El insulto natural es casi una interjección, un desahogo espontáneo, la expresión incontrolada de un sentimiento de rabia, indignación, cabreo, o lo que sea. Ese insulto es una queja, como en el viejo chiste del hombre que trabajaba en una fundición y preguntado por el juez si no era más cierto que había blasfemado e insultado gravemente a su compañero, el hombre contestó: «No, señoría, yo solo le dije, por el amor de Dios, ten cuidado, que me estás derramando plomo fundido por la espalda y eso es muy molesto».

Nuestro padres nos enseñaron a contener nuestros cabreos, a no dejarnos llevar por la ira. Lo que se valoraba era, precisamente, la capacidad de contención de las personas. En aquellos códigos de nuestros mayores, mantener las formas en un momento en el que la presión es muy alta es un signo de nobleza, de distinción, e incluso de dureza. Ser duro era, en el pasado, soportar el dolor, nos recuerda Tony Judt. Ahora, para muchos, ser duro es infligir dolor a otros.

De un tiempo a esta parte el insulto ha empezado a cumplir un papel que ya no es la expresión grosera, por natural, de un desahogo. Ahora hay quienes insultan no para expresar su malestar, o su desprecio, su odio o ira (e incluso -extrañamente- su afecto y admiración) a la persona insultada, sino para llamar la atención del público. El insulto usado como cebo para que pique un tercero. En la tribuna del Congreso, en las tertulias de los medios de comunicación, en las redes sociales, hay gente que insulta y se insulta como quien se da los buenos días, sin plantearse siquiera que, una vez conseguida la fama, lo único que queda claro es su infamia. Lo peor es que, conforme pasa el tiempo, corremos el riesgo de que nos volvamos insensibles al insulto, como quien recibe una vacuna, y los insultos y los gritos dejen de asombrarnos, y nos parezcan normales, como al paleto perfecto.

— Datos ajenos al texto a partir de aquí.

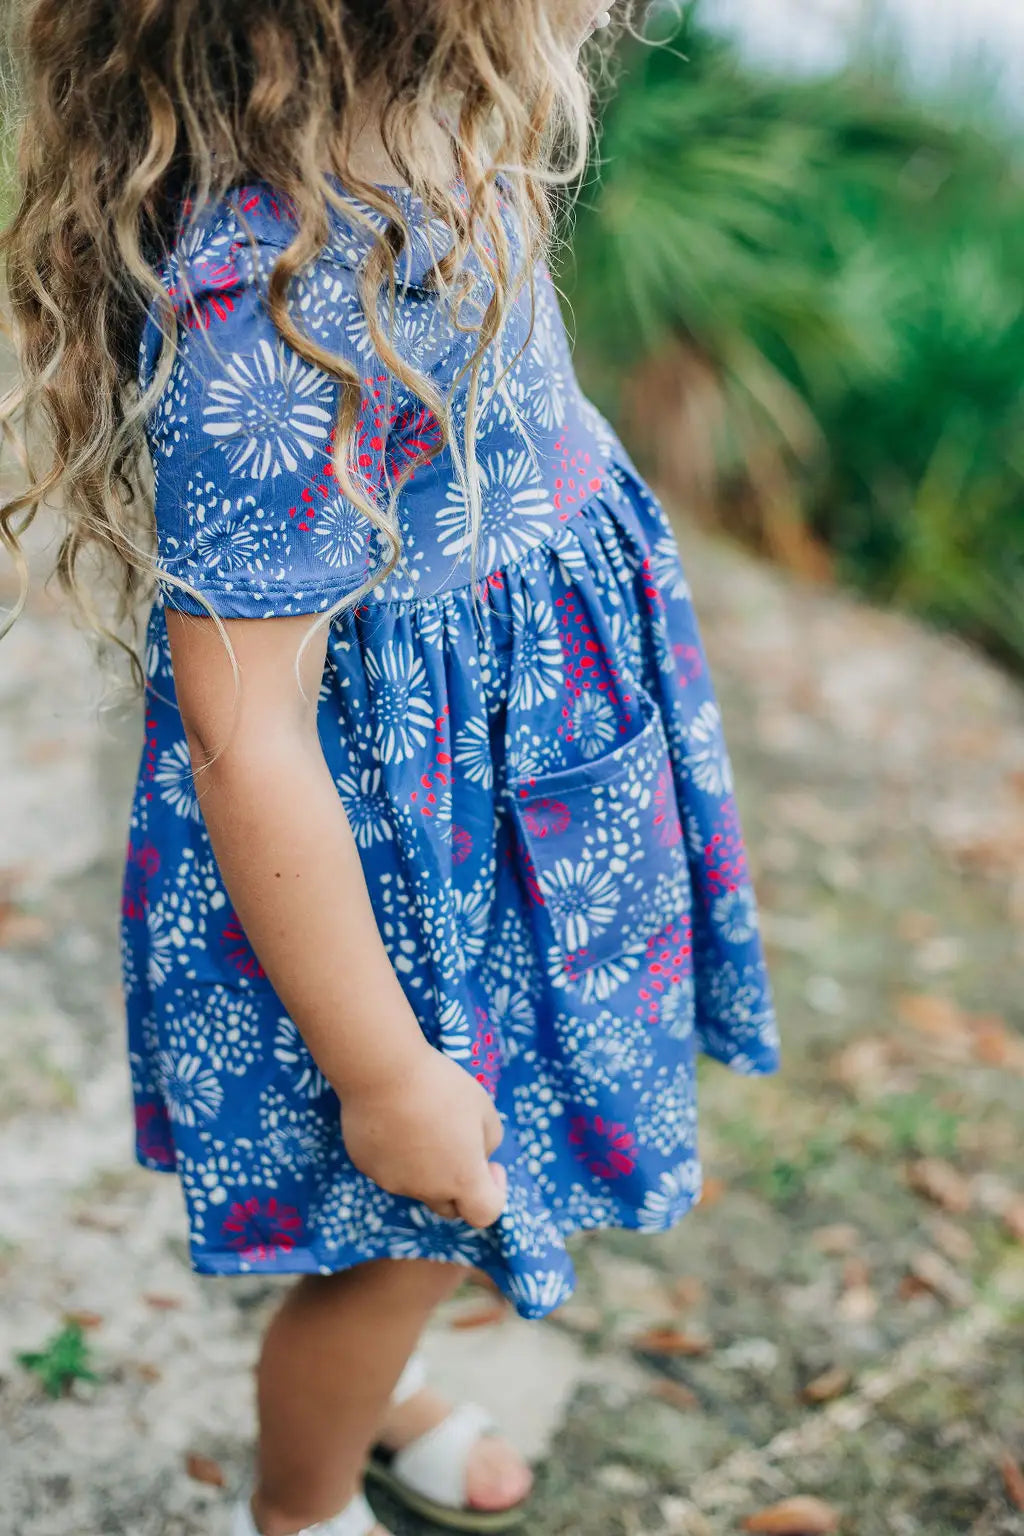 A little girl, wearing the Fireworks Twirl Dress from Sugar Bee Clothing, is standing on a dirt road.
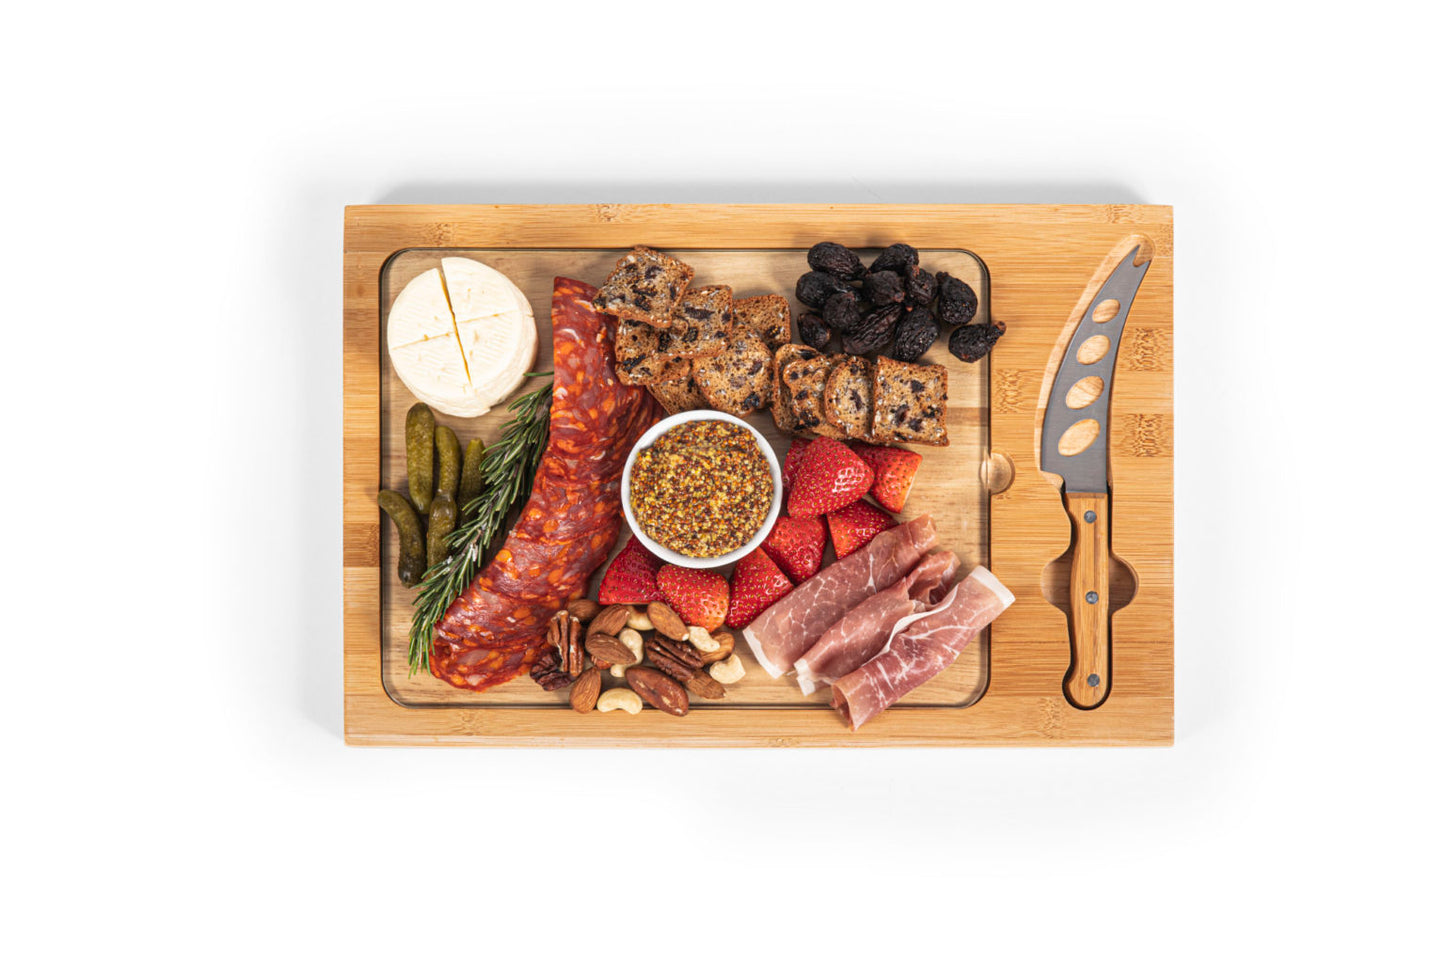 San Francisco 49ers - Icon Glass Top Cutting Board & Knife Set by Picnic Time

Por supuesto, el culpable del insulto es quien lo profiere, pero cuando el insulto forma parte de un negocio, cuando los gritos y las malas formas no son el fruto descontrolado de un arrebato, sino una forma fríamente planificada, científica, de aumentar y mantener la audiencia mediática o política, hay también otros culpables del deterioro de la convivencia y de las consecuencias posteriores. Generalmente se trata de unos hombres con excelentes maneras en la mesa, y que contratan y pagan bien a los que mienten, gritan e insultan. Hasta que un día se les escapen y les muerdan a ellos. Eso sí, después de haber destrozado la convivencia de todos.